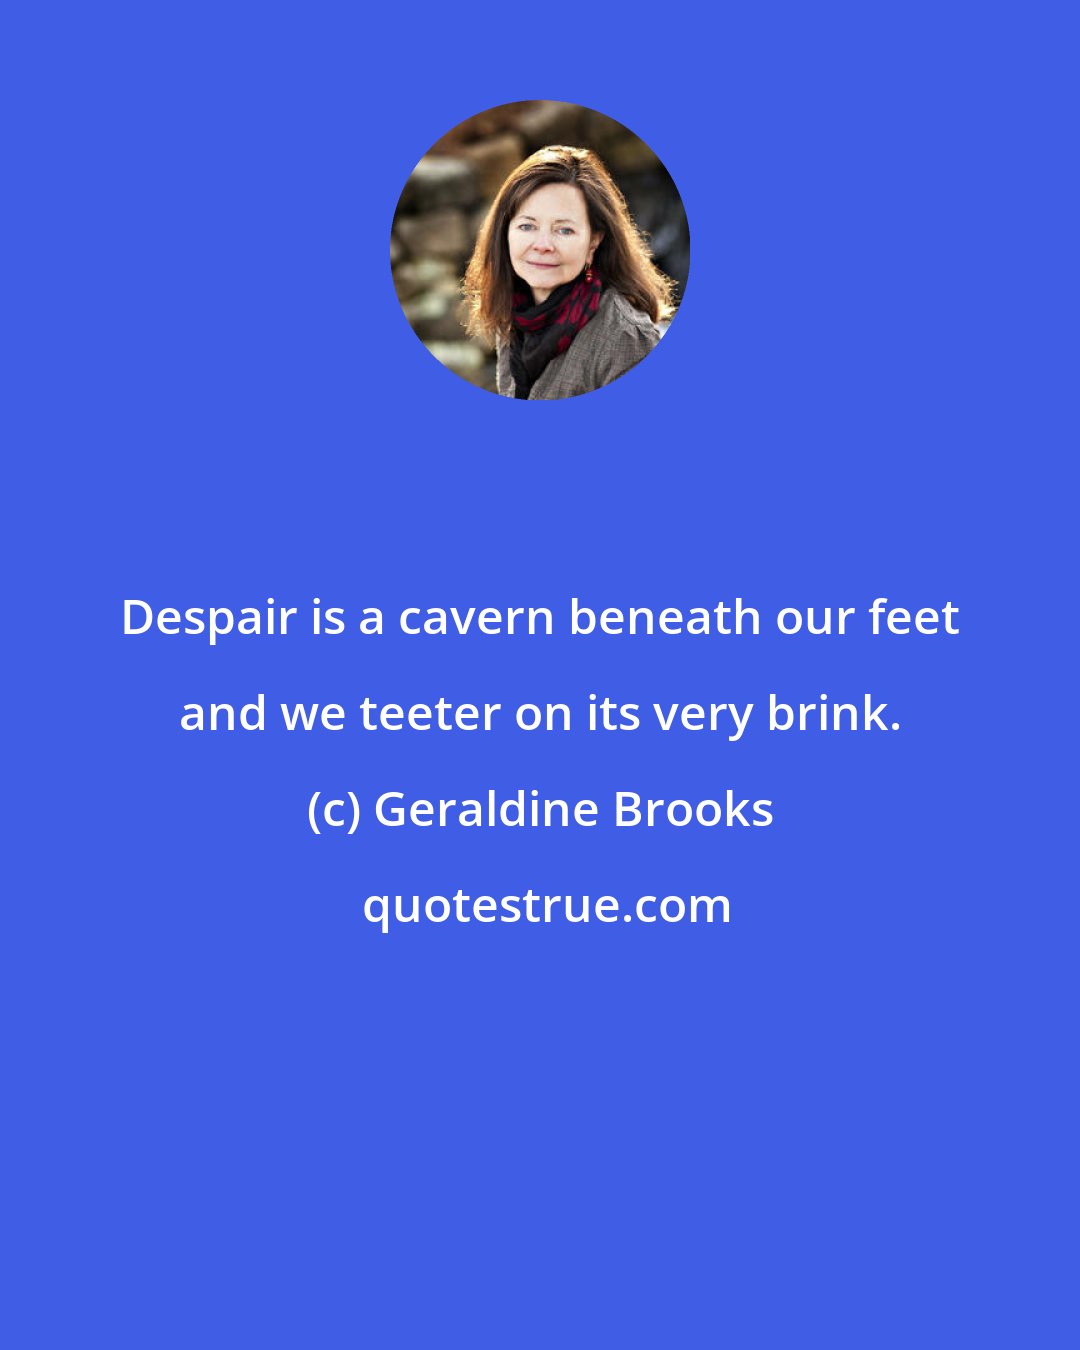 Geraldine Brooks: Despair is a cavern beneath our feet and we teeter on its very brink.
########
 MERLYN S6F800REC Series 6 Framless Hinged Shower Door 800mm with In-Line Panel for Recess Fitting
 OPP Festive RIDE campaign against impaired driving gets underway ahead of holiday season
########
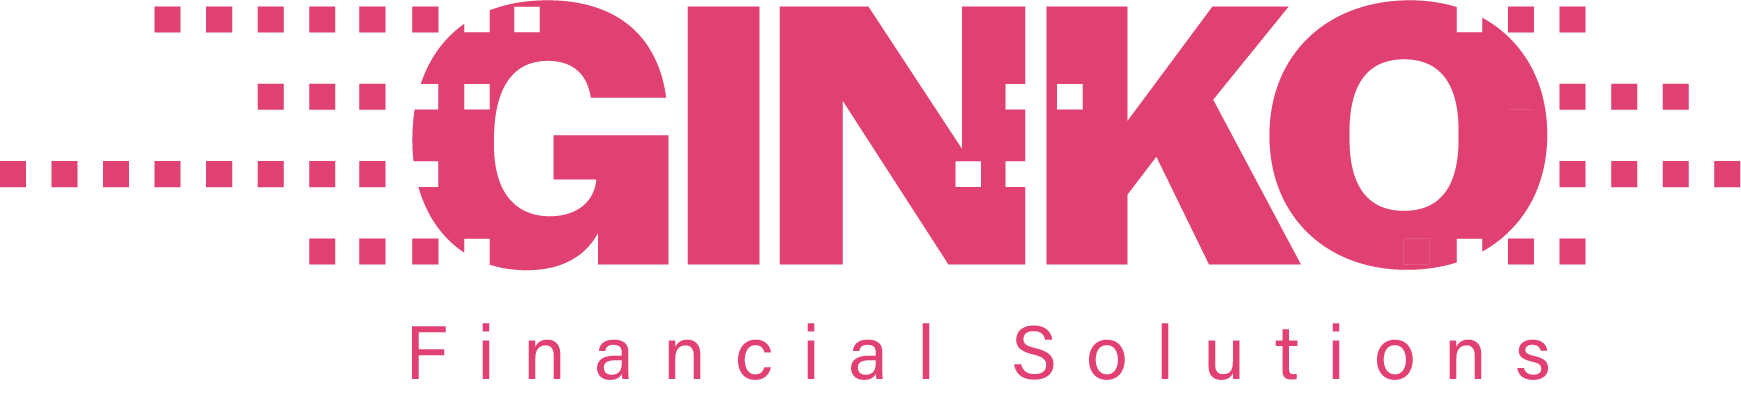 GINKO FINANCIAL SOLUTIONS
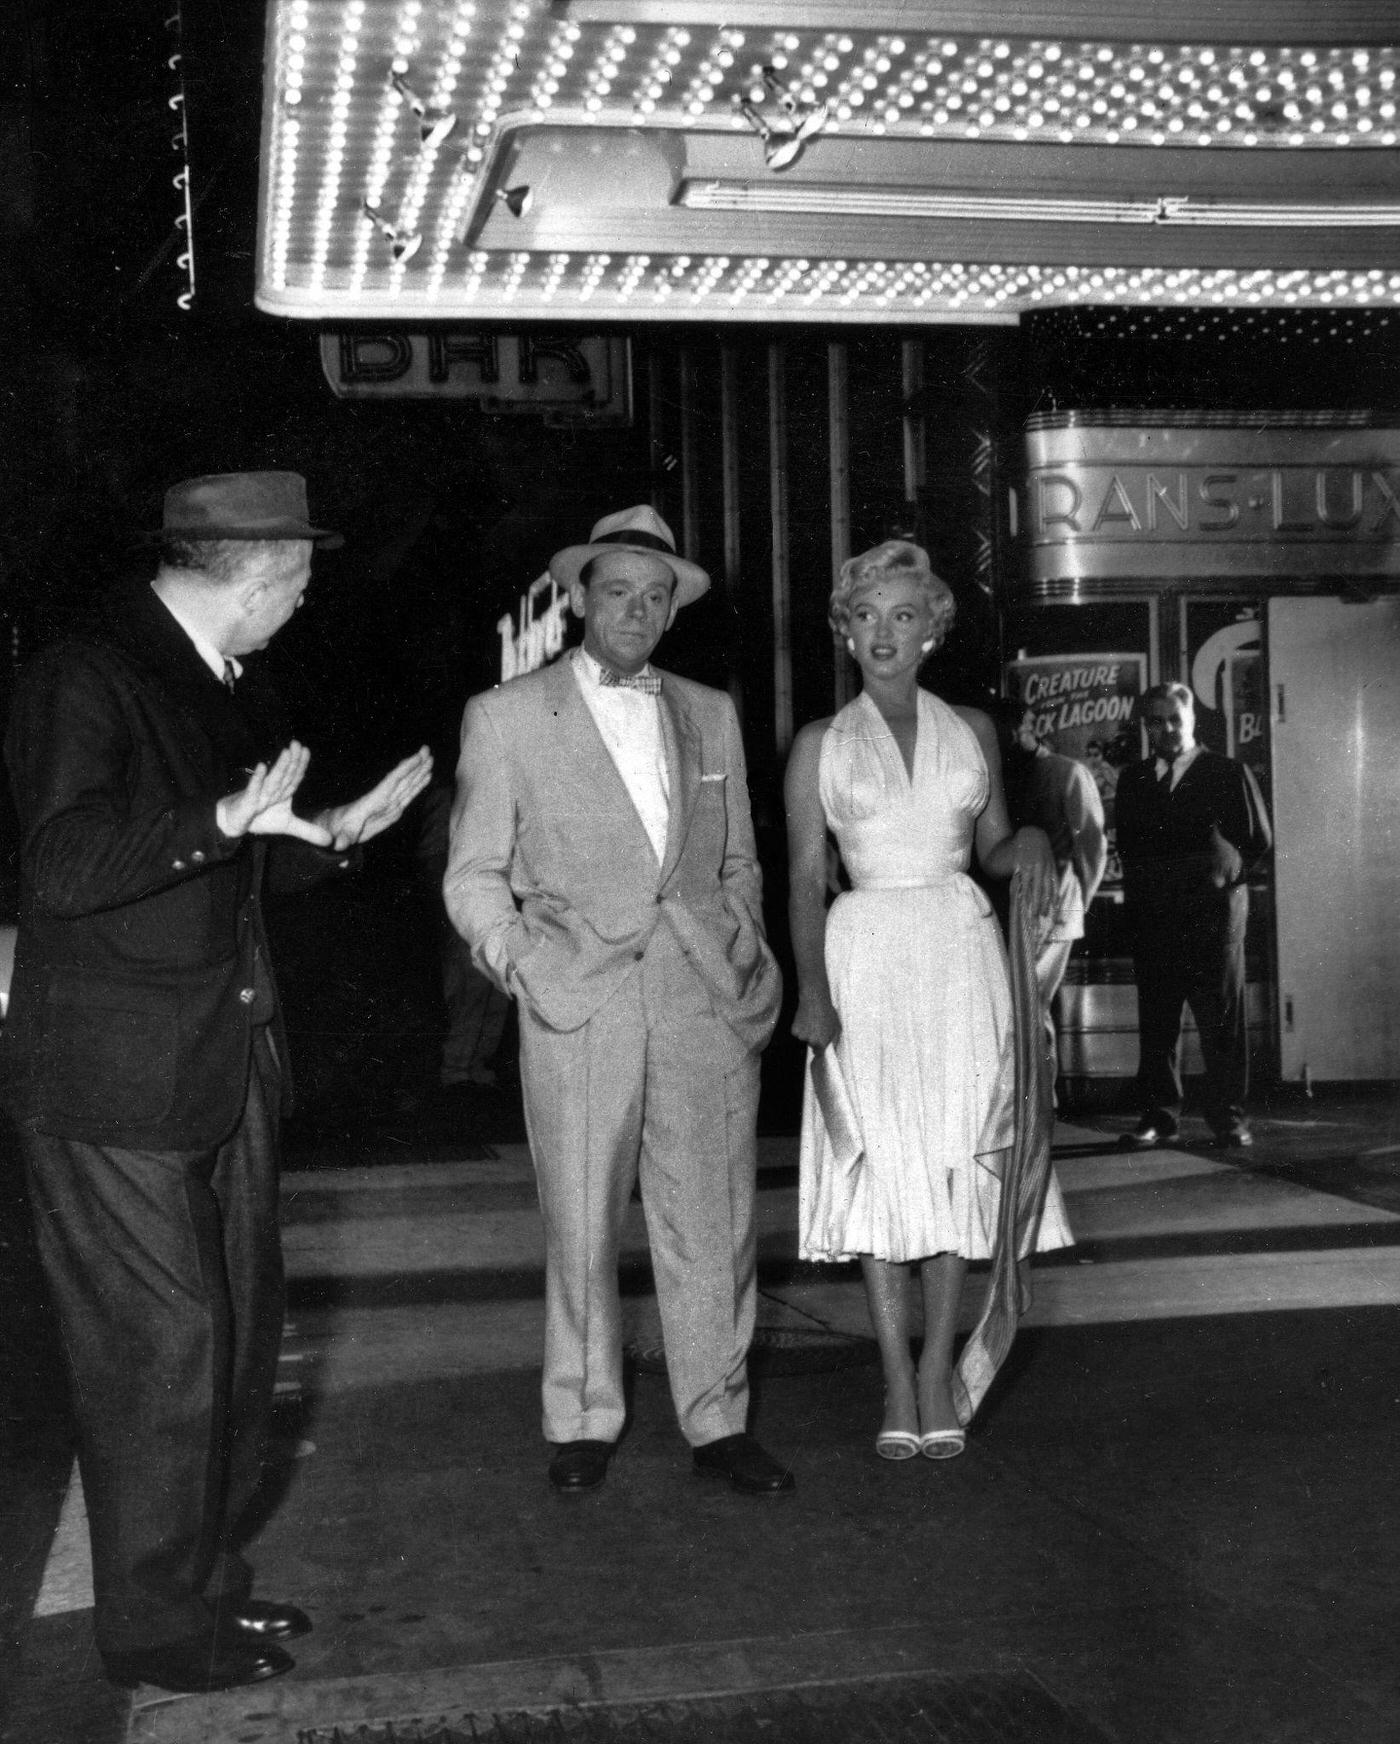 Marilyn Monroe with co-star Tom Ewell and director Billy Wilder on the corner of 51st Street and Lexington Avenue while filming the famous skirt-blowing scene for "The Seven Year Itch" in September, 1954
########
Your goal — What is needed is an exact copy of the lines above from the one with "GINKO FINANCIAL SOLUTIONS" to the one with "Marilyn Monroe with", both ends kept, and nothing more; please leave the pictures out.

Task answer —
 GINKO FINANCIAL SOLUTIONS
 Marilyn Monroe with co-star Tom Ewell and director Billy Wilder on the corner of 51st Street and Lexington Avenue while filming the famous skirt-blowing scene for "The Seven Year Itch" in September, 1954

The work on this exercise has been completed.